=== Records shown ===
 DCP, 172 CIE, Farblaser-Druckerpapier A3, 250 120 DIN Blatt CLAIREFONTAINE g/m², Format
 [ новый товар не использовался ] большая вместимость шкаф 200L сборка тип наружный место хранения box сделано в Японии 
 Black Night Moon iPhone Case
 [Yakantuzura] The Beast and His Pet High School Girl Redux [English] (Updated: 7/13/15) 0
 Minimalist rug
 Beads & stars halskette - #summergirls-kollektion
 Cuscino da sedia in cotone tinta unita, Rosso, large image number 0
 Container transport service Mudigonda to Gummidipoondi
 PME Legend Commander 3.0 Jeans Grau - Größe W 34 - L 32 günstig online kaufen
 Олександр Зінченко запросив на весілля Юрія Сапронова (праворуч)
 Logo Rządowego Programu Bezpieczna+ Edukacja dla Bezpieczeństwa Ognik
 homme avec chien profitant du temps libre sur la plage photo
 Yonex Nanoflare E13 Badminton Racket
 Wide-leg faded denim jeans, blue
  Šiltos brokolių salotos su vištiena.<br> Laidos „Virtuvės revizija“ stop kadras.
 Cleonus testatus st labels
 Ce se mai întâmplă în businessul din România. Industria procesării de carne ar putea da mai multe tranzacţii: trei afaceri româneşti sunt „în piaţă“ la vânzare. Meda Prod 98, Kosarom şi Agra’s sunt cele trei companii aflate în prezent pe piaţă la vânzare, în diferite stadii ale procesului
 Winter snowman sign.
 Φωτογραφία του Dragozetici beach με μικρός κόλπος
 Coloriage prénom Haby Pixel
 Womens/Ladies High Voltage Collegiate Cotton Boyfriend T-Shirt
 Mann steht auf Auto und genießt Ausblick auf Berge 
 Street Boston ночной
===
The data above must be repeated in its entirety, exactly as given.

 DCP, 172 CIE, Farblaser-Druckerpapier A3, 250 120 DIN Blatt CLAIREFONTAINE g/m², Format
 [ новый товар не использовался ] большая вместимость шкаф 200L сборка тип наружный место хранения box сделано в Японии 
 Black Night Moon iPhone Case
 [Yakantuzura] The Beast and His Pet High School Girl Redux [English] (Updated: 7/13/15) 0
 Minimalist rug
 Beads & stars halskette - #summergirls-kollektion
 Cuscino da sedia in cotone tinta unita, Rosso, large image number 0
 Container transport service Mudigonda to Gummidipoondi
 PME Legend Commander 3.0 Jeans Grau - Größe W 34 - L 32 günstig online kaufen
 Олександр Зінченко запросив на весілля Юрія Сапронова (праворуч)
 Logo Rządowego Programu Bezpieczna+ Edukacja dla Bezpieczeństwa Ognik
 homme avec chien profitant du temps libre sur la plage photo
 Yonex Nanoflare E13 Badminton Racket
 Wide-leg faded denim jeans, blue
  Šiltos brokolių salotos su vištiena.<br> Laidos „Virtuvės revizija“ stop kadras.
 Cleonus testatus st labels
 Ce se mai întâmplă în businessul din România. Industria procesării de carne ar putea da mai multe tranzacţii: trei afaceri româneşti sunt „în piaţă“ la vânzare. Meda Prod 98, Kosarom şi Agra’s sunt cele trei companii aflate în prezent pe piaţă la vânzare, în diferite stadii ale procesului
 Winter snowman sign.
 Φωτογραφία του Dragozetici beach με μικρός κόλπος
 Coloriage prénom Haby Pixel
 Womens/Ladies High Voltage Collegiate Cotton Boyfriend T-Shirt
 Mann steht auf Auto und genießt Ausblick auf Berge 
 Street Boston ночной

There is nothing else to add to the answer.